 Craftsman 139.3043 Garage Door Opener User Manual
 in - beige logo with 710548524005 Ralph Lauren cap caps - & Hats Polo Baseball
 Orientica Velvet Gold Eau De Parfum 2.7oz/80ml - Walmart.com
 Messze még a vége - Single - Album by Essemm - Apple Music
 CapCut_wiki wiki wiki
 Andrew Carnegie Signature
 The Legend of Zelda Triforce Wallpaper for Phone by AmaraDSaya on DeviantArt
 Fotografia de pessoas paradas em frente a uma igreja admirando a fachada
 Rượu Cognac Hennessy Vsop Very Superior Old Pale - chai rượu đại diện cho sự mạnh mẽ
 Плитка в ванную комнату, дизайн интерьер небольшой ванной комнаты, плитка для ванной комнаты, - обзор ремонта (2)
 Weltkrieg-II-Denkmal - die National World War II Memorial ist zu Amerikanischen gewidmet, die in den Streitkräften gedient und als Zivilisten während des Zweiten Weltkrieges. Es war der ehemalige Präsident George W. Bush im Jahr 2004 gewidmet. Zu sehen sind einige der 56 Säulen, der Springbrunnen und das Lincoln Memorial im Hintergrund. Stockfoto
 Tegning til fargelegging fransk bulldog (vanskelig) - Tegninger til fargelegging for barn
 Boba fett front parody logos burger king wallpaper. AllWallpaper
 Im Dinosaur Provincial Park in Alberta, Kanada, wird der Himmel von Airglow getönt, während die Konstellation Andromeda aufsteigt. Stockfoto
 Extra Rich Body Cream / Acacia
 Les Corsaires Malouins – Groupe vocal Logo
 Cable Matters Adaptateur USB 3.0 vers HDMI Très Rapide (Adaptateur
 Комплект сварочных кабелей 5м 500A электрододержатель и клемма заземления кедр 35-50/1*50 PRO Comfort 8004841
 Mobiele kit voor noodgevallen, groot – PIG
※
◆ **Problem requirements**
Go through the entries above and pull out each line with "Stockfoto" in it.

◆ **Completed task**
 Weltkrieg-II-Denkmal - die National World War II Memorial ist zu Amerikanischen gewidmet, die in den Streitkräften gedient und als Zivilisten während des Zweiten Weltkrieges. Es war der ehemalige Präsident George W. Bush im Jahr 2004 gewidmet. Zu sehen sind einige der 56 Säulen, der Springbrunnen und das Lincoln Memorial im Hintergrund. Stockfoto
 Im Dinosaur Provincial Park in Alberta, Kanada, wird der Himmel von Airglow getönt, während die Konstellation Andromeda aufsteigt. Stockfoto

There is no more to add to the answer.